We apply the expression EUR/FT to express the ultimate recovery per foot of lateral length. EUR units are in thousand cubic feet. Lateral length is calculated as the distance between the most distal and proximal perforations of the wellbore.
The distribution of EUR/FT is depicted in Fig. 15. The metric provides a quick assessment of production potential and economics and has been used to book proved undeveloped reserves.15
Production forecast
Current inventory
P10, P50, and P90 production profiles are used with a count of the total number of wells completed to project future production from the current inventory. The results are shown in Figs. 16 and 17.
With no additional investment and no new drilling, annual production will decline and the cumulative curves will inflect and begin to converge to their expected cumulative production levels. The expected cumulative production based on P50 wells is 3 tcf. Under the P10 scenario, cumulative production may achieve 3.8 tcf; for the P90 scenario, production is expected to reach 1.3 tcf.
The message of Fig. 16 is clear. Unless new wells are continually brought on stream, Haynesville production will drop off immediately and rapidly.
Operators manage drilling programs based on capital budget constraints, current and expected future gas prices, and the need to hold acreage. The ability to bring on production quickly and reliably in a factory-like mode is an advantage in shale plays, but low price environments and high drilling cost represent constraining factors in profitability.
Drilling scenarios
We illustrate the expected impact of drilling activity on shale gas production using three drilling scenarios ranging from 200 wells/year to 600 wells/year to 800 wells/year for the next 3 years.

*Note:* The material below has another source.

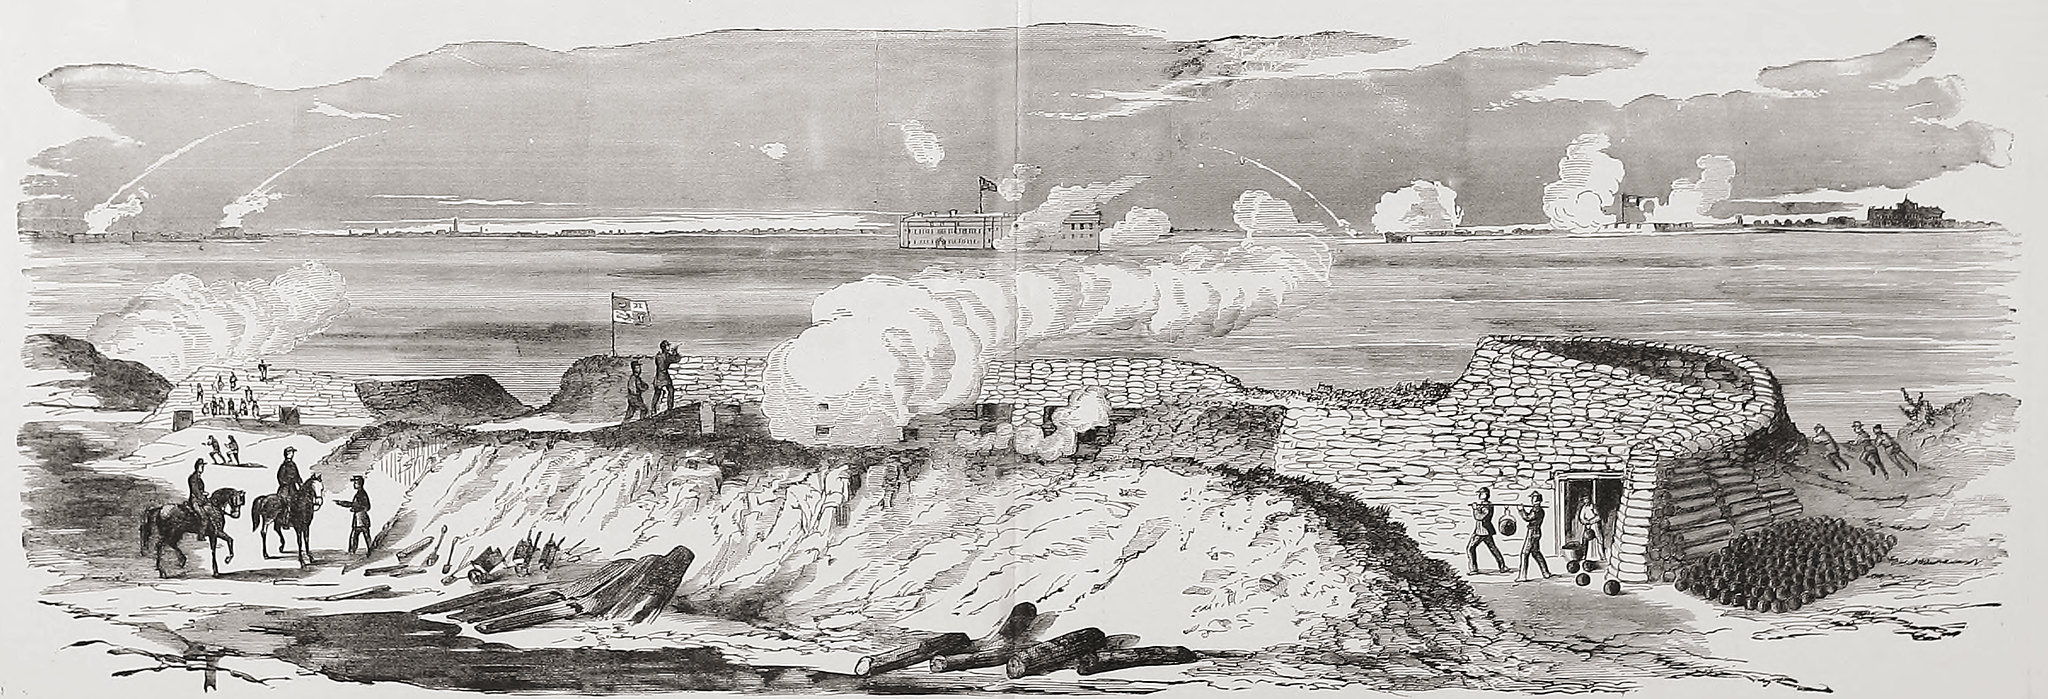 The Bombardment of Fort Sumter, Sketched from Morris Island, Charleston Harbor, S.C.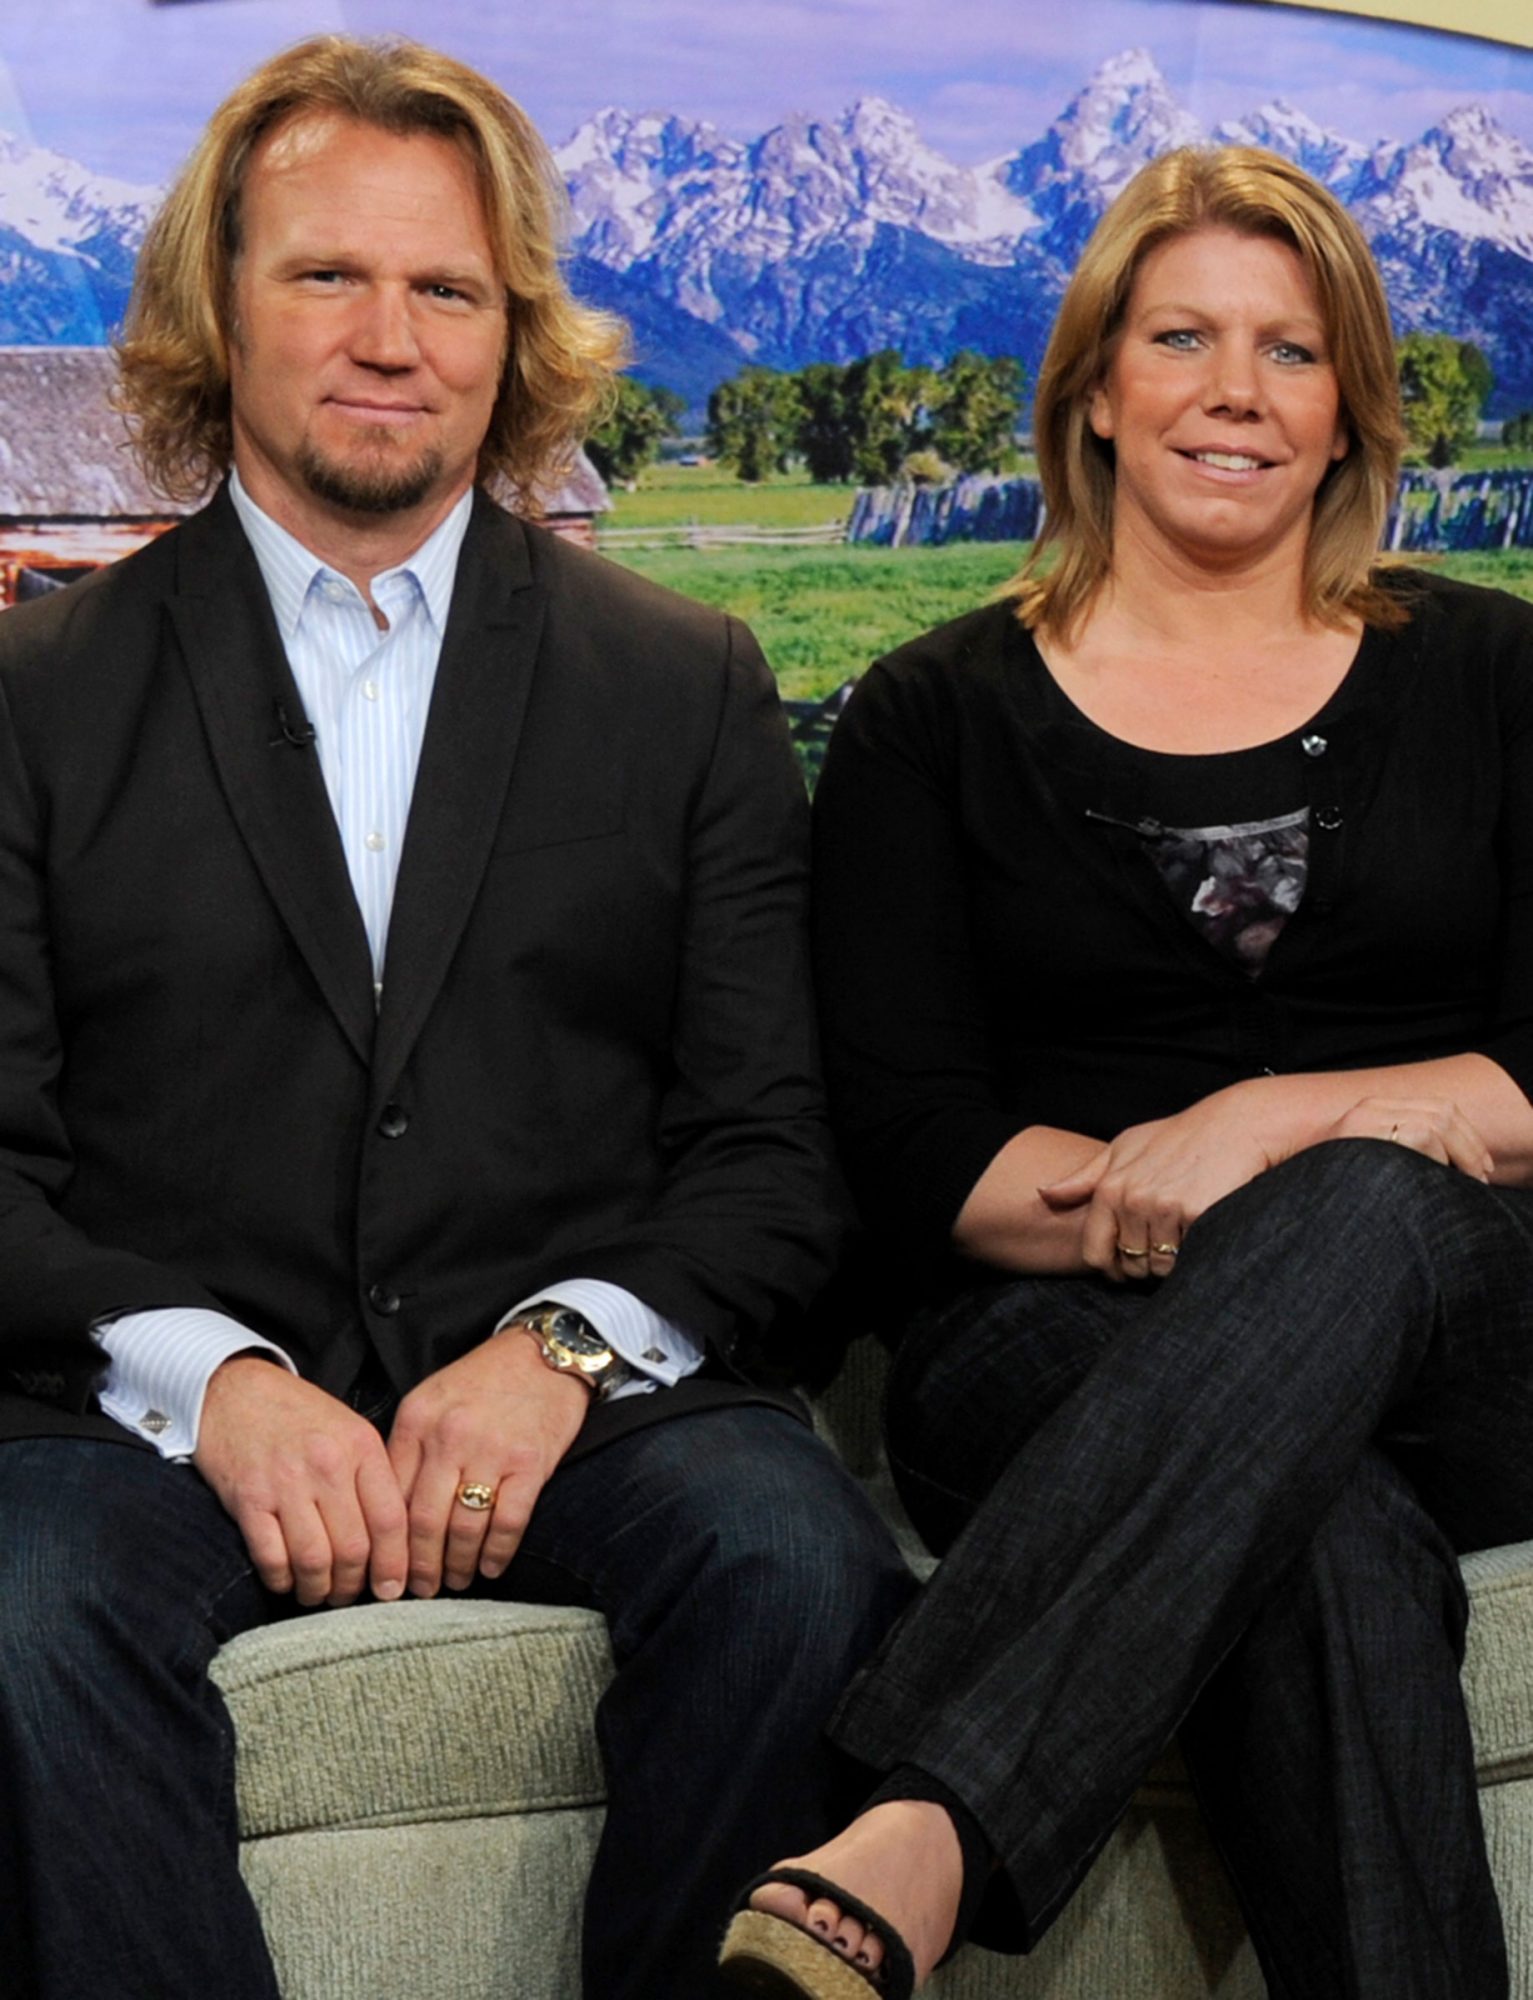 Sister Wives: Kody Brown Says 'There Has to Be a Spark' for Meri to Get a 'Sexual Relationship'

We assume future wells will follow P50 production paths described by wells 6-24 months old, a constant level of drilling activity for each of the next 3 years, and no pipeline infrastructure constraints. Prices are assumed to be maintained at a level where there is no significant production curtailment, believed to range between $4 and $5/Mcf.
Under these assumptions, three production forecasts depict a cumulative build out ranging between 3 and 9 tcf by September 2015 (Figs. 18 and 19).